Il nous faut rapporter l’image biblique à nos jours pour en vérifier la pertinence et l’actualité. A première vue, on ne voit guère, en nos villes aujourd’hui, de personnes en attente d’un messager qui annoncerait la joie. L’autosuffisance si répandue dans nos cultures, ainsi que l’indifférence, montrent combien l’homme contemporain est souvent la proie de présomptions qui le portent à considérer toute chose comme évidente, et ont ôté le goût pour la nouveauté. L’attente d’une bonne nouvelle s’oppose à la culture de l’indifférence qui ne considère pas la foi comme une priorité. Cependant, si l’on pouvait aller plus loin que l’immédiat et sonder les cœurs, on verrait sans doute une situation bien différente. La nostalgie de Dieu n’a pas disparu de nos jours. Elle demeure comme le désir d’entendre une parole qui rejoigne l’intime de chacun et lui fasse découvrir sa soif de vérité. Sommes-nous encore capables de ramener l’homme à ce qui est essentiel, lui permettre de se confronter calmement à lui-même, loin des flatteries et des sirènes qui hurlent au point d’étouffer notre voix ? Le problème auquel nous sommes confrontés aujourd’hui est une nouvelle forme d’athéisme, éloigné des expressions philosophiques ou des spéculations intellectuelles, qui est devenu indifférence à l’égard de Dieu. Nous sommes souvent confrontés à la raillerie, aux discriminations ou aux insultes à la foi chrétienne, qui détonnent dans une société démocratique et championne de liberté. Les statistiques officielles que nous avons de l’année 2012 font état de 105 000 chrétiens tués – et c’est la fourchette basse – uniquement parce qu’ils portaient le nom de chrétiens ! On n’a pas entendu beaucoup de voix pour prendre la défense de ces martyrs. Dans notre société laïque, ce chiffre ne provoque pas l’horreur ; face au meurtre des chrétiens, la seule réponse est la neutralité et l’indifférence. Quand il n’est pas refusé, Dieu est le grand inconnu aujourd’hui. Une société où les hommes vivent comme si Dieu n’existait pas devient vite la proie d’idéologies vides de principes éthiques susceptibles de garantir la dignité de la personne. C’est la loi du plus fort et du plus puissant qui prévaut, et l’homme ne peut plus se comprendre lui-même, ni la nature, ni son rapport aux autres.

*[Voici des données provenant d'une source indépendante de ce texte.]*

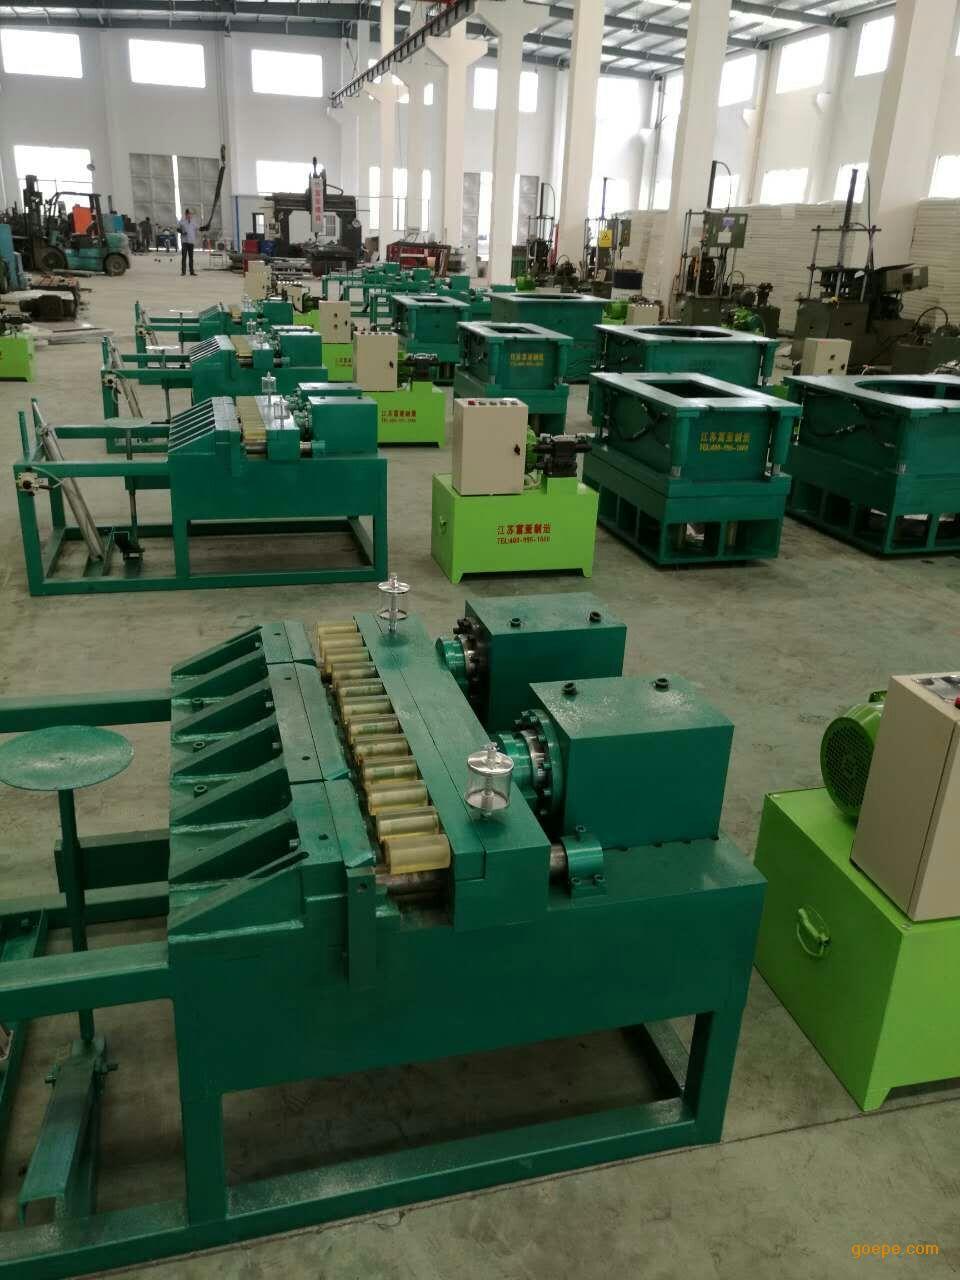 江苏富亚厂家直销不锈钢、BDF水箱模压块模具加工厂家直销

Dans ce contexte, la nouvelle évangélisation est une occasion à ne pas laisser passer. Elle est une invitation adressée à tous les croyants pour qu’ils renouvellent leur vie en faisant place à leur foi. Avant d’imaginer un destinataire loin de la foi et de la communauté chrétienne, en proie aux forces cachées qui menacent sa liberté, la nouvelle évangélisation est une réelle opportunité offerte aux croyants pour faire un examen de conscience sérieux sur leur manière de vivre la foi. On ne pourra pas mener à bien la nouvelle évangélisation en faisant l’économie de ce moment où chacun est invité à examiner sa façon de penser et de vivre la foi dans un contexte culturel différent du passé et devenu suspicieux, sinon hostile, à la foi chrétienne. Tôt ou tard, il nous faudra prendre conscience que l a prophétie demeure notre seule force dans ce genre de société. Nous ne pourrons agir qu’à travers le témoignage d’une vie menée de façon cohérente, sans céder aux tentations des modèles de vie personnelle et sociale en opposition avec la foi. Le problème n’est pas d’être modernes et au goût du jour. Le problème est de savoir si les modèles de vie imposés aujourd’hui par la culture, et qui sont en décalage avec la foi et les traditions culturelles qui en émanent, possèdent la vérité sur l’existence personnelle et la responsabilité sociale. Avant de réfléchir à la façon de s’adresser aux autres, il nous faut nous pencher sur notre façon de vivre la foi.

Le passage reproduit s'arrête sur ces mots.